5 Ways to Impress Synchronized Swimming Judges

Judges evaluate synchronized swimmers’ mastery of a set list of skills and strengths. Each type of judge—technical and artistic—have a different list that assesses different aspects of the performance.

Since, eventually, their scores are all subjective, there are certain things you can do to give them an overall positive impression (which could potentially end up earning you an extra tenth or two).

Here are five ways any synchronized swimmer, regardless of ability, can improve upon their routine and impress the judges:

1. Traveling

Traveling, in synchro terms, just means moving as you perform. Judges do evaluate how well your routine travels through the water, but there is another benefit to charging up, down and all around the length of the pool: Movement gives the appearance of strength and will show off your efficiency in the water.
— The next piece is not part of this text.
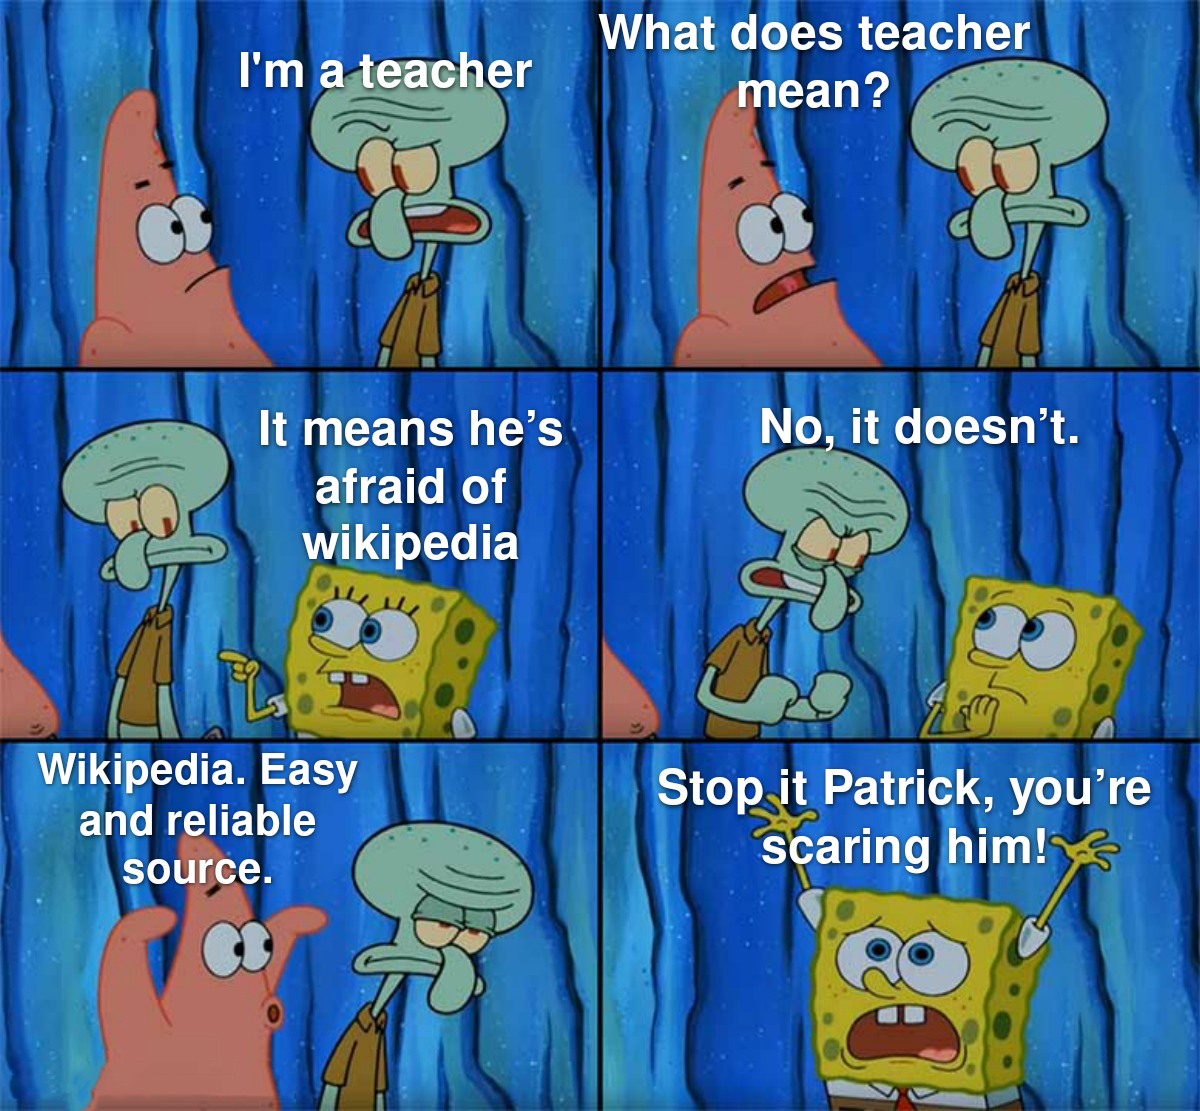 stop it patrick you re scaring him - I'm a teacher What does teacher mean? No, it doesn't. It means he's afraid of wikipedia Wikipedia. Easy and reliable source. 00 Stop it Patrick, you're Scaring him!

That is why it’s important to travel during and between almost everything you do, whether you’re swimming underwater, doing a hybrid, or eggbeatering with two arms up out of the water.

Hot Tip: Too Much of a Good Thing
There is a point when trying to move quickly through the water will start to negatively affect the quality of your performance. If you can’t get as high or start to look frantic, slow down a bit.

2. Height

Your height out of the water will have a big impact on your score. Soloists have won and lost competitions after taking risks on their power moves (like barracudas)—they are either rewarded for reaching an extraordinary height or deducted points if they end up tipping over.

Upside-down height is only half the battle though. How high you are in your eggbeater and jumps can have a lot of impact too.

Think about it this way: When you’re right-side up, if all the judges get to see is your neck and head out of the water, they’re only actually evaluating about ten percent of your body! You could understand how that might be boring.

The more of your body you can get out of the water, the better.

3. Extend

In synchronized swimming, extension usually refers to how pointed and curled your toes are and how straight, or slightly hyper-extended, your knees are. The fact is, a well-extended leg looks better doing just about anything than an unextended one even if the quality of the work is slightly lower.

Make your knee and foot extension a priority when you are a new, young synchro swimmer because it will only become harder to change as you get older.

Extension can also refer to how much stretch or reach you have in each movement. As mentioned before, the more of yourself you can get up and out of the water the better.

Reaching and extending though every move will not only help you get higher, but also make you look bigger and more impressive in the pool (as opposed to just a little head and arm poking up).

4. Energy

Nothing improves a routine like a little energy. Whether you’re swimming to music from the ballet Swan Lake or the fastest techno music around, you can make your routine look powerful simply by giving it 100-percent.

The combination of extension, reach and the speed with which you arrive at every new position will show how much energy you are putting into your performance. This becomes especially critical at the end of the routine when you’re feeling tired.

Just remember, a strong finish may sway the judge’s score in your favor.

5. Smile

Everyone always asks synchro swimmers, “Why do you guys smile so much?"

Hot Tip: Use the Mirror
Take ten minutes to experiment with your synchro performance smile in front of a mirror. You might feel dorky, but it’s better to get your nose clip-wearing smile down while you’re alone in front of the mirror than in front of an audience and judges.

It’s really all about looking comfortable and effortless in the water. That said, the smiling can go a little overboard sometimes which is why it’s important to practice your facial expressions regularly during training.

That way, you won’t forget to smile at the meet or become distracted while trying to add expression into your routine at the last minute. (You might also realize, a bit too late, that your smile doesn’t look quite how you imagined when you have your nose clip on.)

Do the Best You Can

When competing, it’s important to remember that scores are ultimately the subjective opinions of the judges. That makes it hard to know what to expect.

Take charge of the things that you can control: Train to be the best synchronized swimmer you can be and remember that the judges are your VIP audience members-- making them happy will only help your score.